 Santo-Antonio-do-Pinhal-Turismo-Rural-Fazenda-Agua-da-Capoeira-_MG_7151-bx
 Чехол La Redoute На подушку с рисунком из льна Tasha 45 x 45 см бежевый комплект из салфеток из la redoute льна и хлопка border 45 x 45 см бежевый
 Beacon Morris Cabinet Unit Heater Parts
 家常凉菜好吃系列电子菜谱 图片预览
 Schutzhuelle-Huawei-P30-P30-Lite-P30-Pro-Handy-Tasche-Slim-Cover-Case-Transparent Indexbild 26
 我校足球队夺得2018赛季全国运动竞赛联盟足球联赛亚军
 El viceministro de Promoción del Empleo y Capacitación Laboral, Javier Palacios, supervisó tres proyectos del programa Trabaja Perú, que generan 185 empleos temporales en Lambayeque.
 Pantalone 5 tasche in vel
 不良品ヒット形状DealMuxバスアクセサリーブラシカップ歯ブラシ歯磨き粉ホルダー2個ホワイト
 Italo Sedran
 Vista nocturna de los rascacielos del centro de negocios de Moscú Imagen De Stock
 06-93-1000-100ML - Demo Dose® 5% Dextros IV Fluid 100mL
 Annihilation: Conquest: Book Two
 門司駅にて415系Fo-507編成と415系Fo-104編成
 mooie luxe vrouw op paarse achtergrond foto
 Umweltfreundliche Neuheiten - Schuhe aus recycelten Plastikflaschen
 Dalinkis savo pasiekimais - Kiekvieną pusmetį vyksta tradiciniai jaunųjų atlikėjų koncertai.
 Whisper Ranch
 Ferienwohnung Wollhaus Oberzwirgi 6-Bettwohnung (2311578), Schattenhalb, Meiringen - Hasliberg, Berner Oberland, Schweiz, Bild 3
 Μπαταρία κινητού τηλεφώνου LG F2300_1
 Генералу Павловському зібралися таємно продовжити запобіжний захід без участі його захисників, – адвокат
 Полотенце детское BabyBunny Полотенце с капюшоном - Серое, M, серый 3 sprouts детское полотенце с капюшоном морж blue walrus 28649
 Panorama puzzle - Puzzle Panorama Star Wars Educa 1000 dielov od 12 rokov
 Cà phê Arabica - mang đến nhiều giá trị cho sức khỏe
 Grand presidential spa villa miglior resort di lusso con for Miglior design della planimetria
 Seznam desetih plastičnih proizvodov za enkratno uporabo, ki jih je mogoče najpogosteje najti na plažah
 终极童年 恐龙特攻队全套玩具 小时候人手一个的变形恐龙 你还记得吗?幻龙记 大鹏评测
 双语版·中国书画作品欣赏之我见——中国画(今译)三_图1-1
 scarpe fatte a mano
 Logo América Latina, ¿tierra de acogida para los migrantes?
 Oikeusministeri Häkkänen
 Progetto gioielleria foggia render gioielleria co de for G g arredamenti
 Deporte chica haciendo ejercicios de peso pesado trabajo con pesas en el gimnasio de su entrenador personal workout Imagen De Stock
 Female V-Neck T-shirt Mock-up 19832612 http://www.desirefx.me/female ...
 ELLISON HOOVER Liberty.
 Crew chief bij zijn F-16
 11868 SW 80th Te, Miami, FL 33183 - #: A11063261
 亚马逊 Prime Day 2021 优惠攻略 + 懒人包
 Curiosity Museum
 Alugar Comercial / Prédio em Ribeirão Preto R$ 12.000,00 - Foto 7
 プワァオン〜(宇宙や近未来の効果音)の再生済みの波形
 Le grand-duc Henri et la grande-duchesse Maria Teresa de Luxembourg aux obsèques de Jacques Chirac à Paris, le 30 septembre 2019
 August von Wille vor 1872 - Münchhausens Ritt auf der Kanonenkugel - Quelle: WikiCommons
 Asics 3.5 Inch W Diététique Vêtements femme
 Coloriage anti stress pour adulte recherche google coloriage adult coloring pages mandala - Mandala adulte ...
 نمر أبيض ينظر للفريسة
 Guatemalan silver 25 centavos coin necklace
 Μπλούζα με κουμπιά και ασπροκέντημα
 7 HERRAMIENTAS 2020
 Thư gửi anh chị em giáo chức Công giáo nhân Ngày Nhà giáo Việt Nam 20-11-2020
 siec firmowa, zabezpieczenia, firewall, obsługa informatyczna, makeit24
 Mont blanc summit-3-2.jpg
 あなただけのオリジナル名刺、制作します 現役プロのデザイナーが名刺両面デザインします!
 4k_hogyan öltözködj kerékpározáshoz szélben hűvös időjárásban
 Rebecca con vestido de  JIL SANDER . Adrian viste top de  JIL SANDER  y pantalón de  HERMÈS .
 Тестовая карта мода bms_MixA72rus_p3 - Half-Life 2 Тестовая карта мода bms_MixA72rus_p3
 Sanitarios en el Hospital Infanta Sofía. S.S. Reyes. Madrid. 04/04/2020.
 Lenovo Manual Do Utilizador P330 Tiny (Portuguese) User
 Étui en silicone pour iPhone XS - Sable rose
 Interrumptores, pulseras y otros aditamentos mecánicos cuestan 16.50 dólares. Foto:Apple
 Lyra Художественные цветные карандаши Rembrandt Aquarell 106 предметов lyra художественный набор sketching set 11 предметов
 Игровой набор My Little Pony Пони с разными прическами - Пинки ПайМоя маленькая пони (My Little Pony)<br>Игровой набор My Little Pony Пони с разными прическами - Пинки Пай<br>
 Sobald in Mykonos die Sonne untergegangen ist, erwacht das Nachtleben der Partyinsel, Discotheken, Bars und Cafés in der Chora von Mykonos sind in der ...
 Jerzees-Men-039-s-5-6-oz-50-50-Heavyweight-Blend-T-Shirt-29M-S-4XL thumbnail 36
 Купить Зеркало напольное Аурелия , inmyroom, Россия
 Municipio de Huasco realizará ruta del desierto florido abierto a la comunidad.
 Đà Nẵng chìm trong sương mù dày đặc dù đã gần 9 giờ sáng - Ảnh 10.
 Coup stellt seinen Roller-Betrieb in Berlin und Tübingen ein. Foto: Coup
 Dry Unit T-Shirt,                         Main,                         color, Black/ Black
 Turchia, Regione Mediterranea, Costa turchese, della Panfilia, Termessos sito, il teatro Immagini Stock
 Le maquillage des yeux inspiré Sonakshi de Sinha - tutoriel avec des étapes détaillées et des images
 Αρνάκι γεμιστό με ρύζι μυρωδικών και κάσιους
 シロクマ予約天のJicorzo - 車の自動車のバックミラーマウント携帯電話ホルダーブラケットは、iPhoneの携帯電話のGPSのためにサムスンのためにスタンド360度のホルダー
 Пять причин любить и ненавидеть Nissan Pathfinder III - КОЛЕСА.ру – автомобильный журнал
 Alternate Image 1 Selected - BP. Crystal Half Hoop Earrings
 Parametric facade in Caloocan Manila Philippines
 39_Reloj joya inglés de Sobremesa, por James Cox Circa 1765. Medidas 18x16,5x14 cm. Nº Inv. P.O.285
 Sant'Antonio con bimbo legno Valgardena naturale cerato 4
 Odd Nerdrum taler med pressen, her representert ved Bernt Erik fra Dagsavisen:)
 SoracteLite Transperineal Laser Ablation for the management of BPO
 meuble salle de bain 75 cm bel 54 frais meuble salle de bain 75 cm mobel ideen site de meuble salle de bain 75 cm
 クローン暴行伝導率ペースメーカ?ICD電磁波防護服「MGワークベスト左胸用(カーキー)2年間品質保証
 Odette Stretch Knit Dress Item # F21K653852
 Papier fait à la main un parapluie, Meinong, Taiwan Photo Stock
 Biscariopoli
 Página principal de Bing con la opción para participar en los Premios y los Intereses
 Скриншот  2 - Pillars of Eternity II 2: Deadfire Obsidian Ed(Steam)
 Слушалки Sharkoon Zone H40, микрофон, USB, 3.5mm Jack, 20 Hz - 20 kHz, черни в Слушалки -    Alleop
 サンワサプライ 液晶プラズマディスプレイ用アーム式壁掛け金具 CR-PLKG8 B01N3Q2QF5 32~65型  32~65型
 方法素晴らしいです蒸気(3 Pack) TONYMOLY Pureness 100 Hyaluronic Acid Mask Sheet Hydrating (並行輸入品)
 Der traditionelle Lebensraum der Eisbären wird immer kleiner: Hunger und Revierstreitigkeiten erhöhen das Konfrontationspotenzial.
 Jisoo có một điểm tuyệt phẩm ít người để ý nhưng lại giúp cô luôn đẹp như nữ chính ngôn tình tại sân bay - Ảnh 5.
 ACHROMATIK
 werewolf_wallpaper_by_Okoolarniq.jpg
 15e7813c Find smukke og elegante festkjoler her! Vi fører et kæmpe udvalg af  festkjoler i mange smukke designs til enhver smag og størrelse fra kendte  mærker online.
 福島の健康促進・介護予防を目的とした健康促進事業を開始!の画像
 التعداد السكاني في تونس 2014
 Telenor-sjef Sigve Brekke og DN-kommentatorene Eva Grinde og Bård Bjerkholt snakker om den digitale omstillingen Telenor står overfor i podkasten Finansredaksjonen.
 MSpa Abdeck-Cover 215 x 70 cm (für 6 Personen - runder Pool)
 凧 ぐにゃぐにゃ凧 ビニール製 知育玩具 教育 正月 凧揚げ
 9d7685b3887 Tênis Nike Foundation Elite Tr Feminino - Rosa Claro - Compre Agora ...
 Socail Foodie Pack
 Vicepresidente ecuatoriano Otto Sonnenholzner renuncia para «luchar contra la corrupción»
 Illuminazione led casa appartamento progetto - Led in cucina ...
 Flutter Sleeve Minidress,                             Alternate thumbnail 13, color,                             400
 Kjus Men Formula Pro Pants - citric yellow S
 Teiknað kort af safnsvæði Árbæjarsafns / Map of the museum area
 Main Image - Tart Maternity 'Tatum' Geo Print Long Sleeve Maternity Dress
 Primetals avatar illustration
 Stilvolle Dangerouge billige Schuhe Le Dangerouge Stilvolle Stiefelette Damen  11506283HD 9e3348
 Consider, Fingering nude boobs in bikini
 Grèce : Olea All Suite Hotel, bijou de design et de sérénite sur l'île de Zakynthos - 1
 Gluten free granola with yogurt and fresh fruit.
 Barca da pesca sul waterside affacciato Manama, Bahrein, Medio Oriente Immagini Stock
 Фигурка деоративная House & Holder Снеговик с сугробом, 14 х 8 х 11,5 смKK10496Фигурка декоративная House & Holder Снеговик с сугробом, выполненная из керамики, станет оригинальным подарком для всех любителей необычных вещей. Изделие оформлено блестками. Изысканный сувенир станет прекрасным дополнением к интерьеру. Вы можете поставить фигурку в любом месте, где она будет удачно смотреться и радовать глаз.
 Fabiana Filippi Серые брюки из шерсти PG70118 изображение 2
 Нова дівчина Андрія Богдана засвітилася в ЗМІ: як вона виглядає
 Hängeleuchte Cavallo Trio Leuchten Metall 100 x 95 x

Problem details: Where does the string "thumbnail" occur in the data above? Copy every line that holds it.

Response below:
 Jerzees-Men-039-s-5-6-oz-50-50-Heavyweight-Blend-T-Shirt-29M-S-4XL thumbnail 36
 Flutter Sleeve Minidress,                             Alternate thumbnail 13, color,                             400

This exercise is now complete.